The problem is that it's very hard to tell if the discount is correct without doing a lot of detective work, says Charkin. "It's really hard to track where this employer accesses you. You have no way of knowing what PPO Smith's Garage contracted with ... Most offices just write it off."

"This is a deal-breaker for the PPOs," she adds, "because that is how they make their money. They have to rent out the network."

Charkin has had limited success negotiating the terms with large payers and for clients the payer really wants. She specifies who else can have access, usually large regional employers such as Mervyns or IBM.

"I only recommend contracting with the largest PPOs out there," Charkin says. "You still get silent PPOs, but you don't need to contract with every PPO put there ... A lot of these PPOs are in business just to sell their networks."

Money does matter

Of course, contracts also are about the fee schedule, but even that isn't usually as straightforward as it looks. Here are some top catch-phrases to look for, provided by Chris Hicklin, senior contract analyst at IMACS, a Dallas-based company with multiple revenue-management tools, including contract review:

  • "Reimbursement will be X percent of Medicare's Resource Based Relative Value Scale (RBRVS), while drugs will be reimbursed at X percent of Medicare's fee schedule."
    The problem: The contract does not mention labs or durable medical equipment, neither of which are included in Medicare RBRVS, anyway.

  • Drugs will be paid through Medicare's drug fee schedule."
    The problem: Which year's fee schedule? Drug reimbursement has bounced all over the place in recent years. Also, there is no percentage specified. You can't assume it's 100 percent of the Medicare schedule.

  • "Payment is based on Medicare's RBRVS."
    The problem: The contract fails to mention the year, percentage, multiple procedure reductions, and modifier reductions - just to name a few missing elements.

  • "Reimbursement will be X percent of Medicare's fee schedule."
    The Problem: Although this language seems to be detailed, the year of the Medicare fee schedule is left out. Also, the contract really should be for Medicare RBRVS not the "fee schedule." Otherwise, the payer can pay only the procedures reimbursed by Medicare.

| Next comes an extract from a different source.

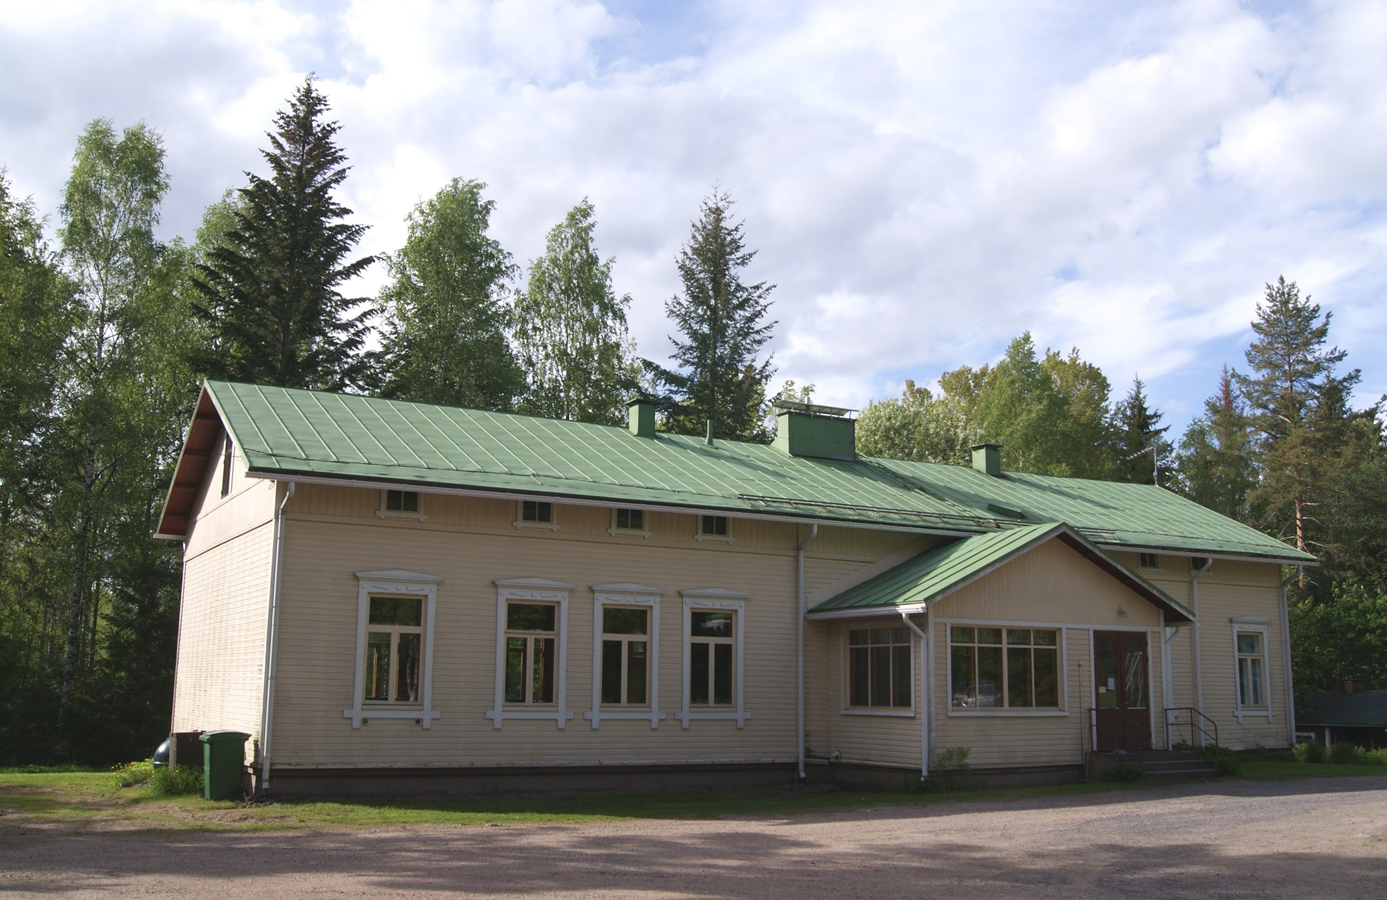 May 31, 2015. Former base of Vehniäinen long-range reconnaissance patrol
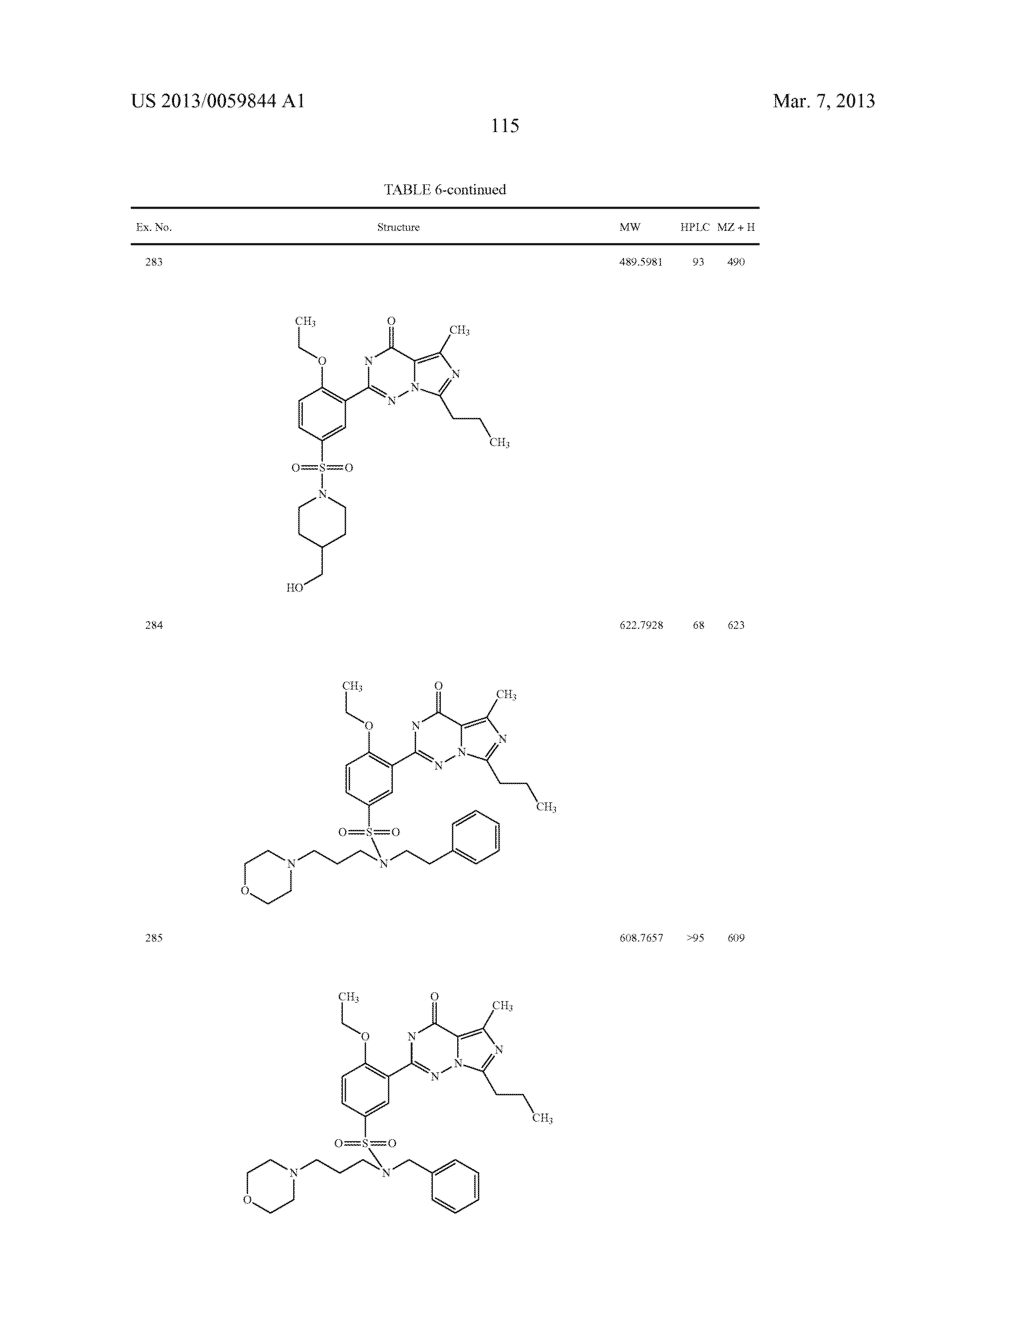 2-PHENYL SUBSTITUTED IMIDAZOTRIAZINONES AS PHOSPHODIESTERASE INHIBITORS - diagram, schematic, and image 116

  • "The following Conversion Factors (CFs) were used in calculating fees. These CFs are an unweighted average for each group. Therefore, the fee will not equal the Relative Value Unit (RVU) times the conversion factor."
    The problem: "The contract states that the CF is indeed a custom conversion factor and lists the conversion factor for a couple different procedure code ranges. That would be great by itself - and would make it easy to evaluate payments. Unfortunately the contract then goes on to say that the CF listed is an average for each procedure code range and will not be able to be used to evaluate payments. This is a slick way the payer says, 'We will pay you something like this but not exactly, so don't try to check on us.' Therefore, without the payer's fee schedule, the reimbursement is only a guess at best," says Hicklin.

  • "Only the provider numbers listed below will receive X percent of Medicare; all others will be ..."
    The problem: Providers come and go. Never put a provider's number in a contract because when that provider is replaced, the contract will need to be updated.

  • "X percent of usual and customary, provider's billed charges or maximum fees as defined by law."
    The problem: "This language is in more contracts than you would think. It seems to be a straight percentage reimbursement contract, but there is a catch. 'Usual and customary' is defined by the payer and can fluctuate as the payer sees fit. Although the contract clearly has X percent of billed charges, the payer can pay a fraction of that percent if the payer decides that the provider's charges are not usual and customary for the provider's area. Many contracts have this language with little consequence; however, the provider is at risk of being deceived regarding the actual allowable," Hicklin reports.

A little careful reading and review can go a long way to better payment and processes later on.